WHAT TO PRODUCE: Begin at the line below that has "auswahl an duengemitteln". Stop after the line that has "Military Hardware - The Minigun", repeating each line exactly and leaving out the pictures.

INFORMATION GIVEN:
========================================
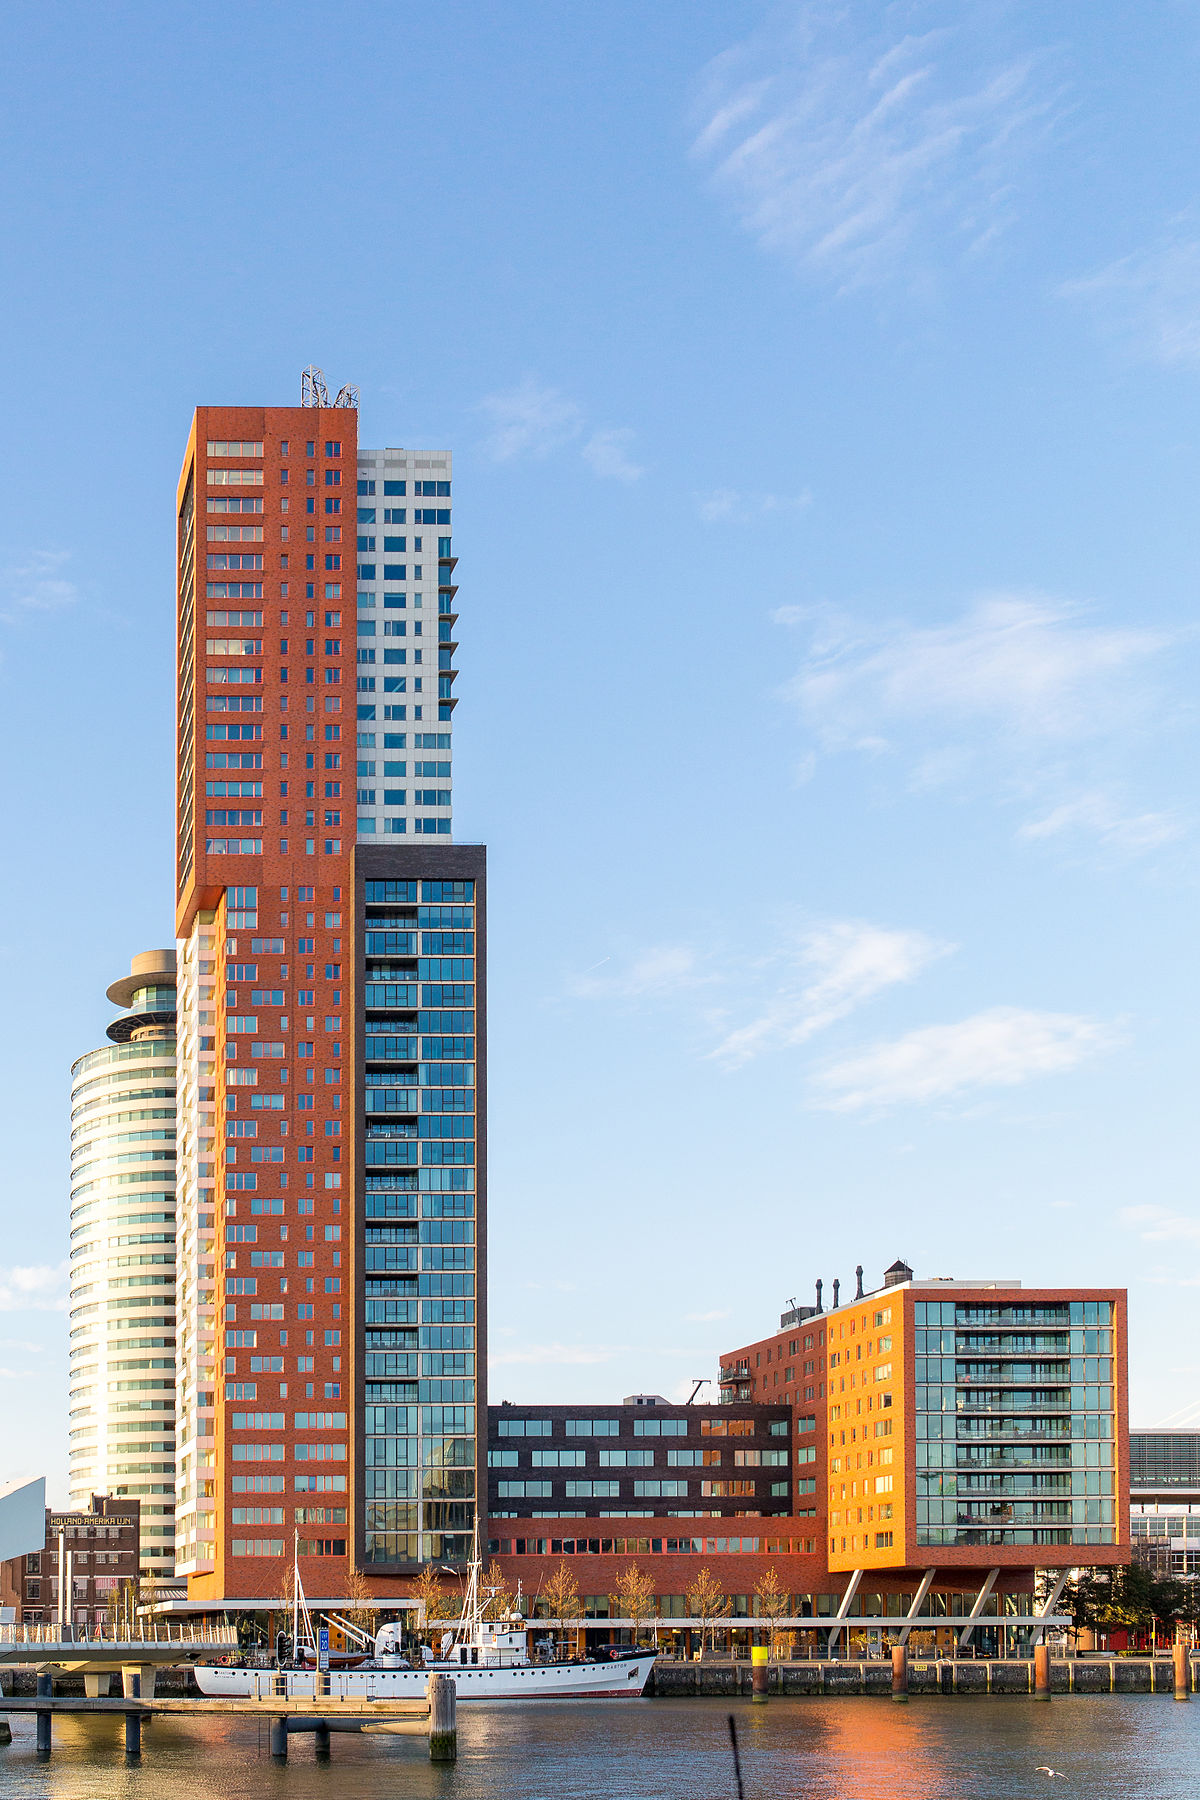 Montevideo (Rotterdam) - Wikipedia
========================================
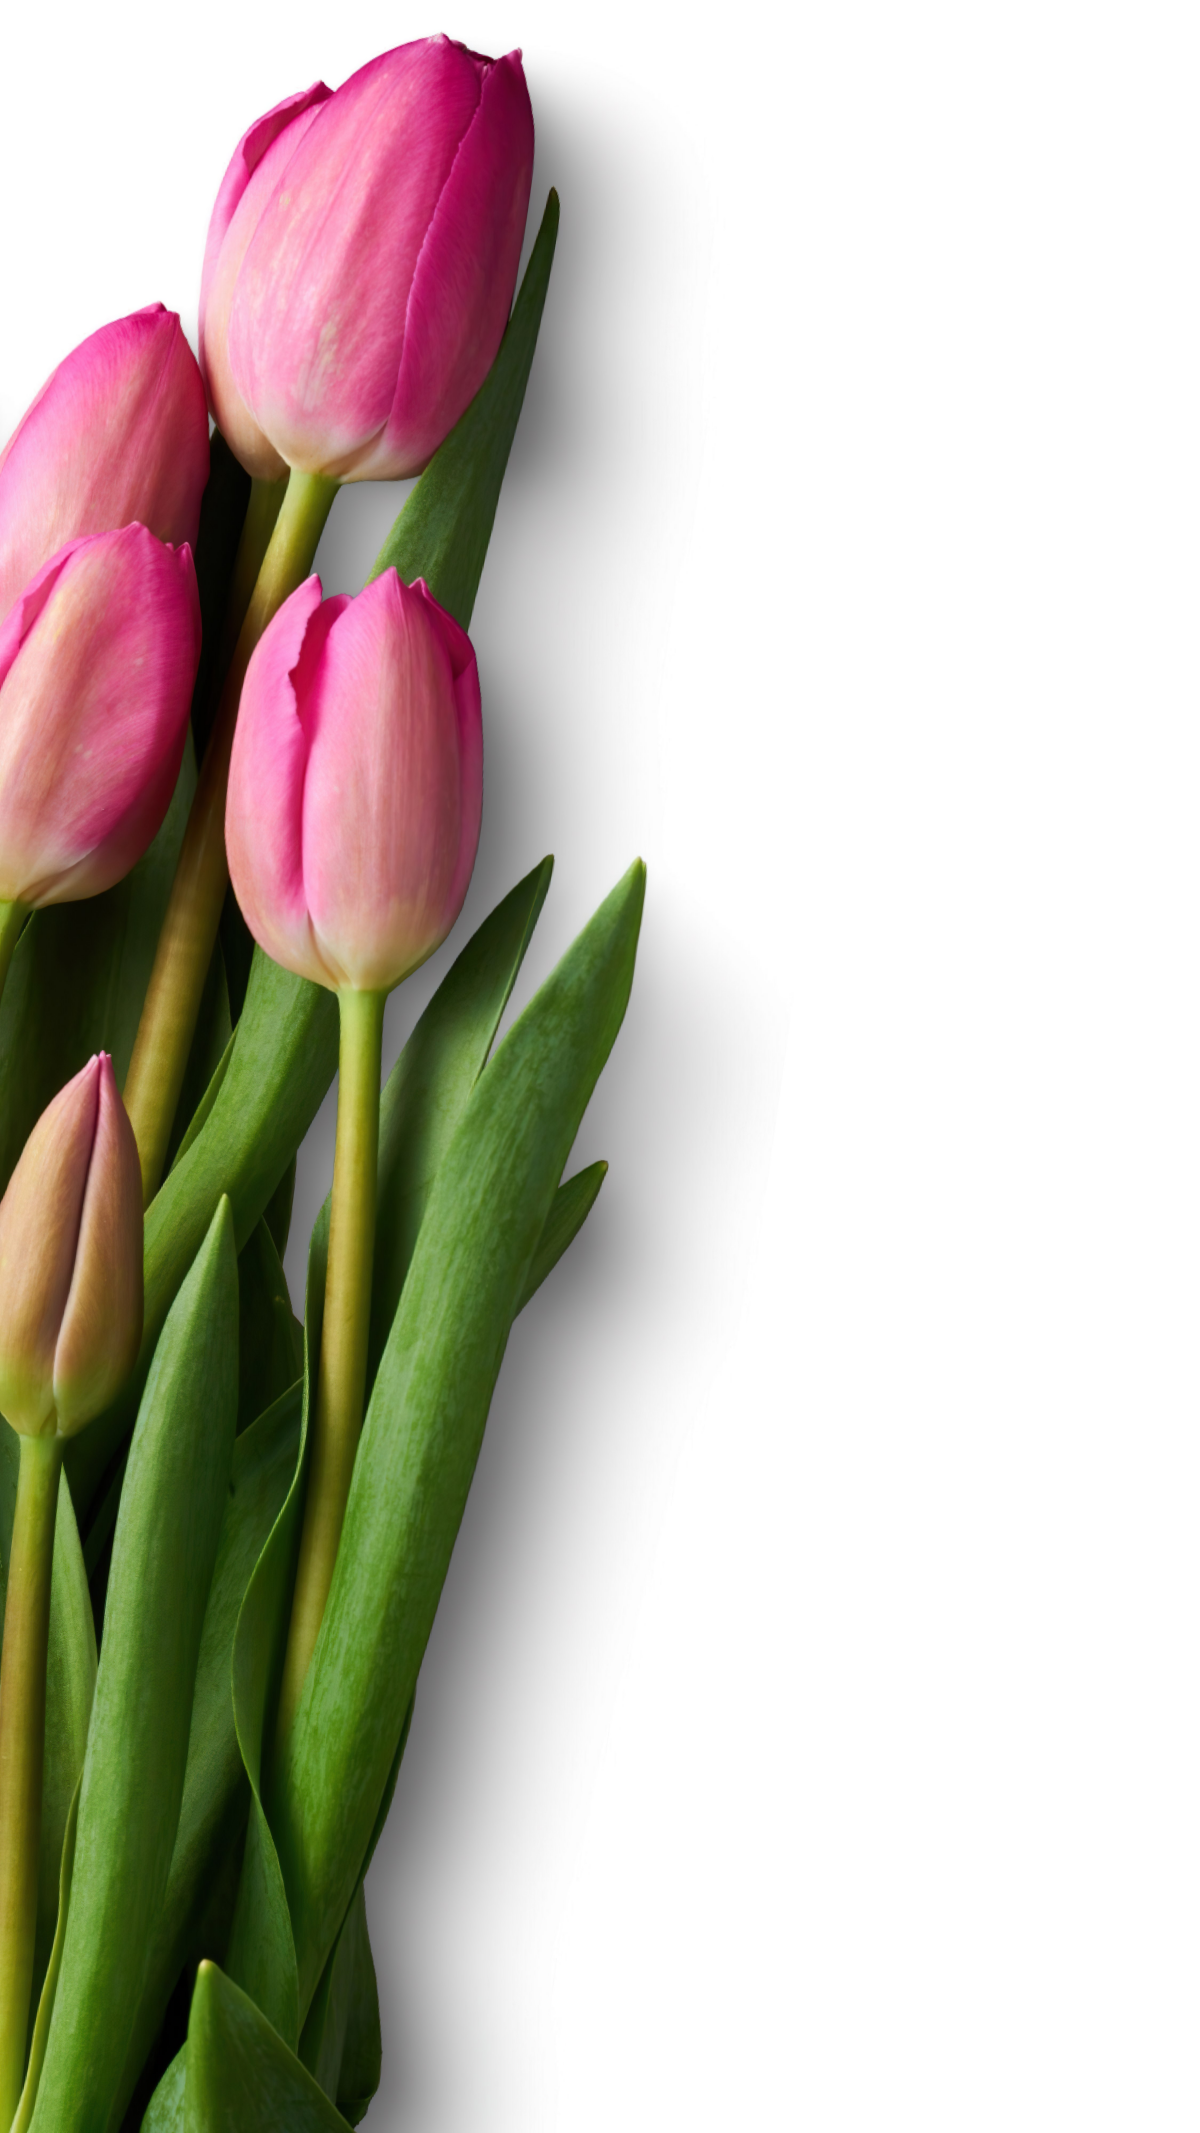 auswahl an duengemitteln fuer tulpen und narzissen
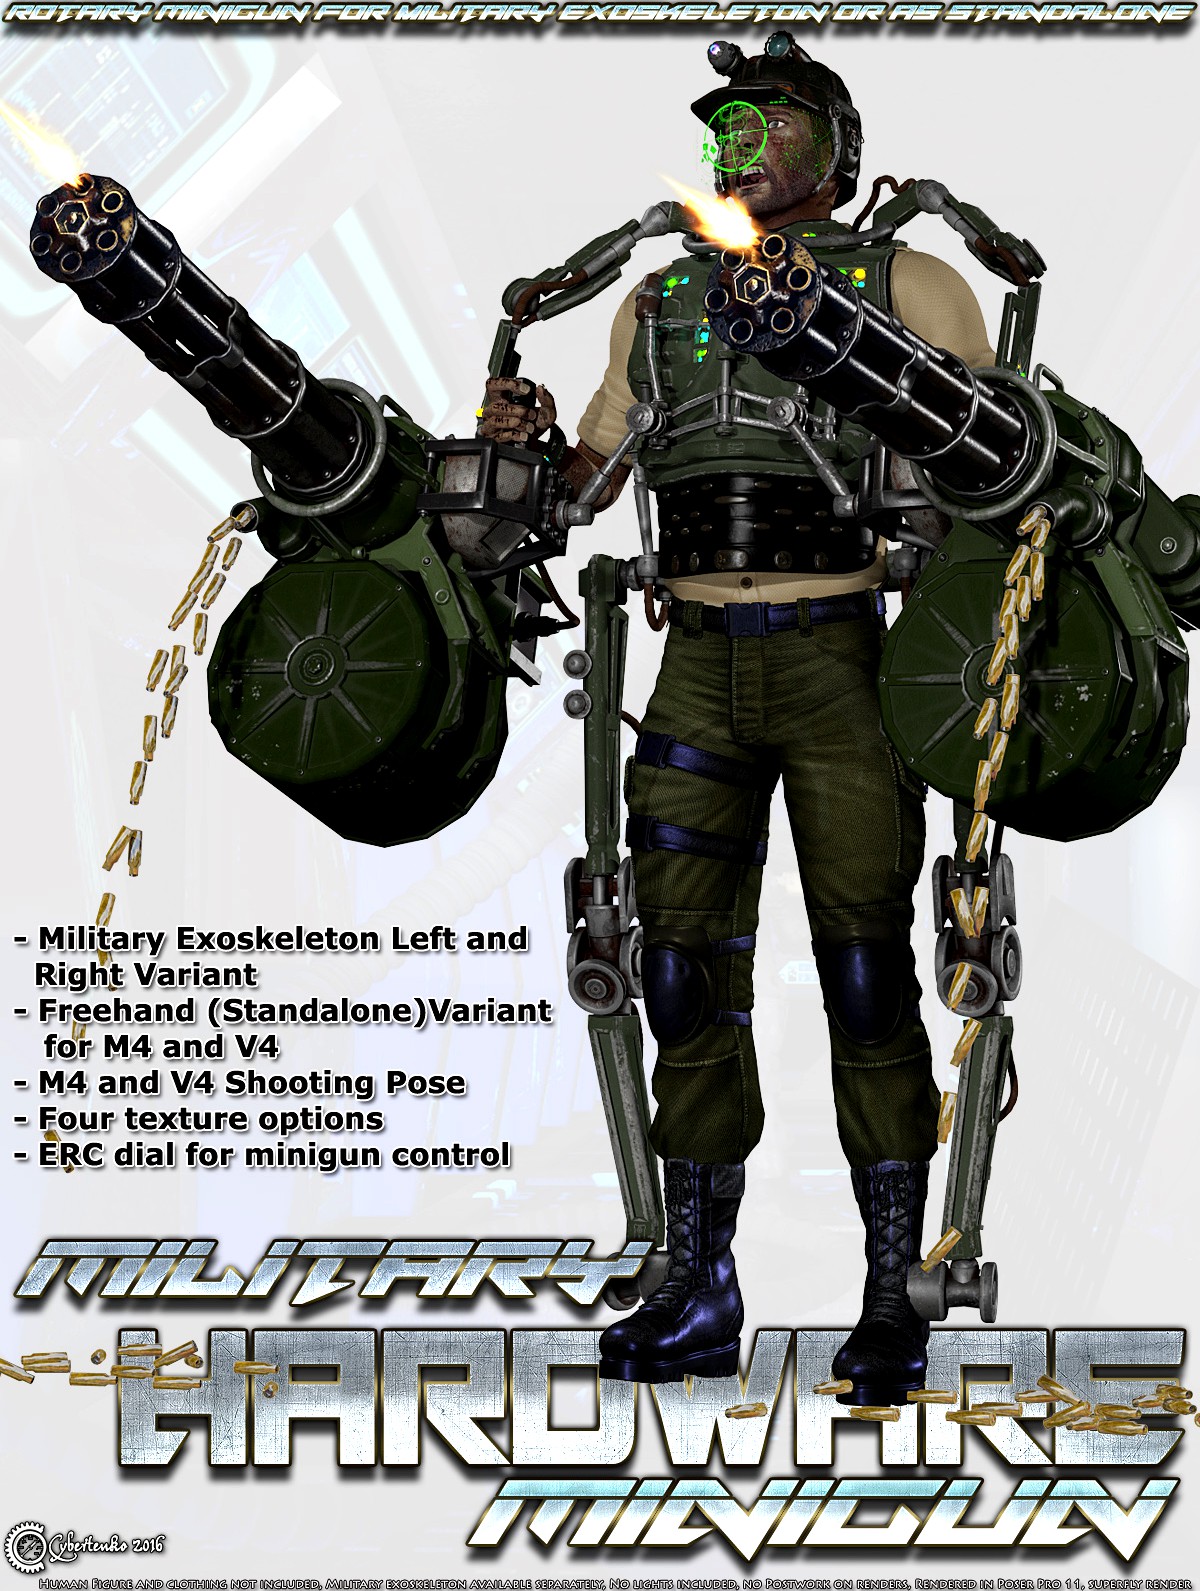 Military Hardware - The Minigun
========================================
ANSWER FOR THE TASK:
 auswahl an duengemitteln fuer tulpen und narzissen
 Military Hardware - The Minigun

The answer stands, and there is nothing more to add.